The program produced subtypes differing in reactor plants, acoustic treatments, and weapon suites, reflecting influence from design bureaus including Malakhit and Lazurit. Modifications paralleled developmental forks seen in Project 705 and Project 667 series programs, with later refits targeting improvements similar to those applied to Victor-class submarine boats. Experimental conversions tested sonar prototypes from the Central Naval Research Institute and noise-reduction technologies trialed by the Soviet Academy of Sciences.
Deployments concentrated in Soviet Pacific Fleet and Northern Fleet theaters, with patrol patterns around choke points such as the GIUK gap and passages near Kuril Islands. Operations supported broader Soviet naval strategy articulated by Admiral Sergei Gorshkov and were integrated into tasking alongside surface combatants from fleets including the Black Sea Fleet and units of the Baltic Fleet. Training and crew rotation involved establishments like the Higher Naval School and training centers influenced by doctrine from Frunze Academy instructors. Decommissioning accelerated after the Dissolution of the Soviet Union (1991) with assets paid off under programs administered by the Ministry of Defense of the Russian Federation and shipbreaking conducted at yards such as Sevmash and private contractors contracted under State Committee for Science and Technology guidelines.

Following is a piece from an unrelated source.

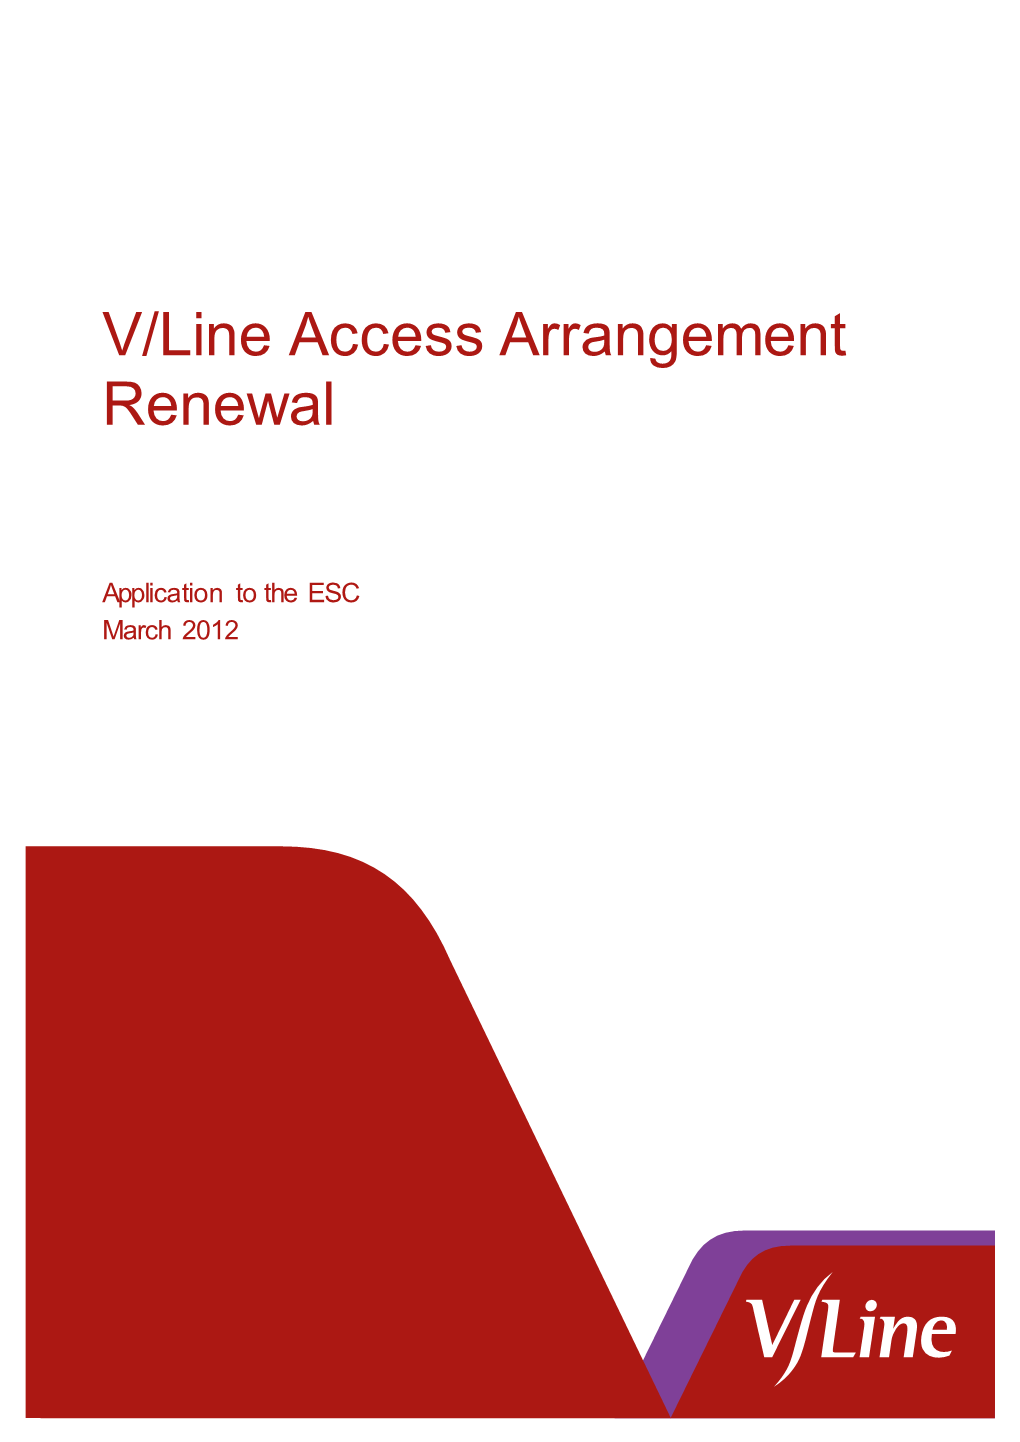 V/Line Access Arrangement Renewal

Analysts at RAND Corporation, Center for Strategic and International Studies, and Western naval staffs assessed the program's impact on antisubmarine warfare and force structure debates in studies influenced by events including the Cuban Missile Crisis and subsequent Cold War maritime tension. The class informed Soviet design philosophy incorporated into successors like Victor-class submarine and Akula-class submarine programs, and its operational record contributed to NATO tactics developed by entities such as the Allied Maritime Command. Historical treatments appear in works published by authors affiliated with Naval Institute Press and academic centers including King's College London and Harvard Kennedy School military studies, which compare the class to contemporaries like USS Nautilus (SSN-571) and Tench-class submarine boats. The program's technical lessons influenced post‑Cold War submarine initiatives within Russian Navy procurement and were cited in retrospectives by institutes such as the Institute of World Economy and International Relations.